A Surprise Visit with Washington Aerospace Scholars

Just thought I would share a great experience I had while working at NASA this past summer!

I was contacted by my friend and the Director for Washington Aerospace Scholars, Melissa Edwards, and asked to talk with her current 2011 Summer WAS students from NASA and share my experiences.

As I'm sure everyone can tell, I welcome any opportunity to show people how these programs have influenced my life and helped my career.  I really enjoyed speaking to the Washington Aerospace Scholars and hope that my endeavors and where I have come since being part of the program in 2008 will influence them to seek further opportunities.

Here are some pictures from the tele-cast with the WAS Students

  Showing students the NASA Standard Initiator

  Taking Questions

The wonderful people in the Education Department set the whole event up.  Here I stand, where almost every astronaut in the program has stood to do tele-casts with students all across the nation.  What an honor.
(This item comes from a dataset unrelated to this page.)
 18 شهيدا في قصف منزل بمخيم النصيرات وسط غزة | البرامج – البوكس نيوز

Pyrotechnics Test Director - My Second NASA Internship Experience

For my second internship at Johnson Space Center I was trained as a Test Director, and asked to develop a process to remove the weld washer from the NASA Standard Initiator (NSI).  The NSI is the 'match' of an explosive system.  With thousands of flight ready NSIs left over from the Shuttle Program, the weld washer's needed to be removed to utilize the NSI in the Multi-Purpose Crew Vehicle (MPCV) that NASA is working on now.  By performing this process in house, NASA saves time and money.  You can see the weld washer in the picture below which is used to attach the NSI to a larger explosive component, such as the NASA Standard Detonator. 

Common Configuration of the NASA Standard Initiator

To begin, I familiarized myself with the machine shop and learned to use the lathe.  
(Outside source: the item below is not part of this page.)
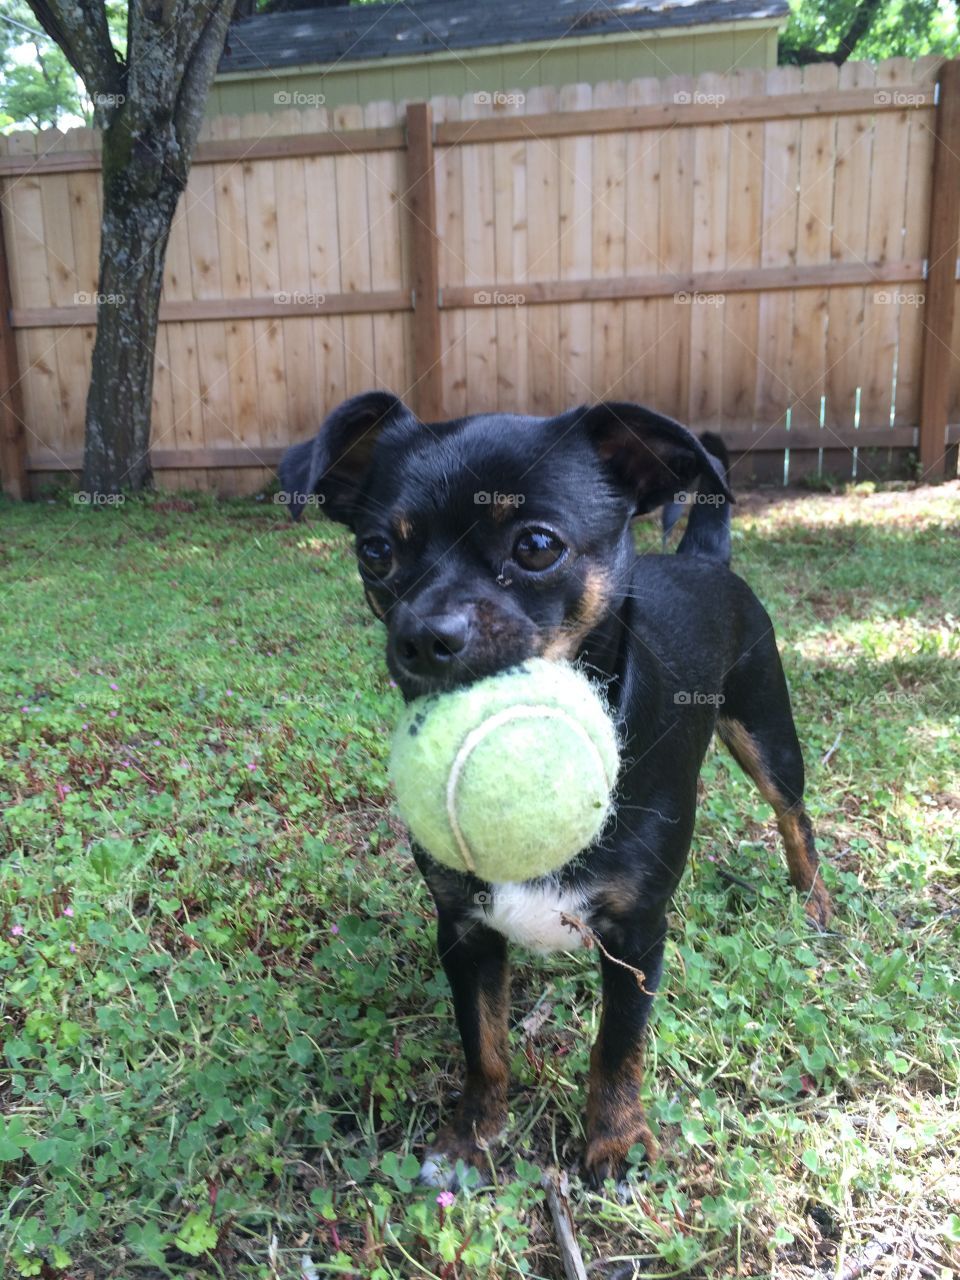 Small dog, big ball

The process took off from there. 

I developed two pieces of hardware for the process, including an NSI Output Redirector.  This piece of hardware was designed for my protection.  In the case of inadvertent ignition of the NSI, the Output Redirector directs the explosion away from me.  During the first test of the NSI Output Redirector, everything went extremely well.  I definitely feel safe being on the other side of that flimsy blast shield now!

   Test of the NSI Output Redirector

After proving that I could successfully and safely remove the weld washer, writing the Operating Checklist, Hazard Analysis, and Test Plan, the process began.

I successfully removed 64 weld washers while staying withing tolerances on each one.  I wrapped up this project in the fourth week of my eight week internship and moved on to another exciting project.

When I first arrived at the Pyrotechnics laboratory, I had the opportunity to go in the bunkers where all the explosives are stored.  We discovered that there were many old explosives that were being stored from early Gemini and Apollo programs, waiting to be disposed of.  This became the focus of my second project.

I chose the Ejection Seat Pyrotechnic Systems (of which we had two), and developed a test plan for disposing of them safely.

Each Ejection Seat Pyro System included two gas generators, a hot gas initiator, and shielded mild detonating cord (SMDC), all mounted on a aluminum plate.  These ejection seat pyros were intended to be used in the Shuttle to eject the pilots, but when three additional seats were added to the shuttle flight deck before its maiden flight, they ousted the ejection seat idea. 

I decided to disassemble each system and put the individual parts into an Auto Ignition chamber at 1500 degrees to assure that all explosives are burned off.  The test was a success and the after affects are shown below.

 After the Auto Ignition Chamber

  Left: Aluminum Ingot from the Plate

 Right: Gas Generator

As a little extra project, I made a display for the Pyrotechnics lab to use to display a vast array of Pyros commonly used at NASA.  Here are a few of the pictures of my display for everyone to get a glimpse of what NASA commonly uses pyrotechnics for.

 The NSI is used to detonate every one of these explosives.

The 3 1/2 inch frangible nut on the right was used to hold the 

Shuttle to the External Tanks during take-off.

I'm planning to return to either SpaceX, NASA or Blue Origin this coming Fall for a Co-op and hoping for another opportunity to work in a test facility.  

Robonaut 2 - My First NASA Internship Project

During my Spring 2011 Internship at Johnson Space Center, I was assigned to work on a project for Robonaut 2.

First, here is a little bit of background information about R2.

In initial operations, R2 will be confined to the stations Destiny laboratory.  However, in the future he may be allowed to move more freely around the station's interior or outside the complex.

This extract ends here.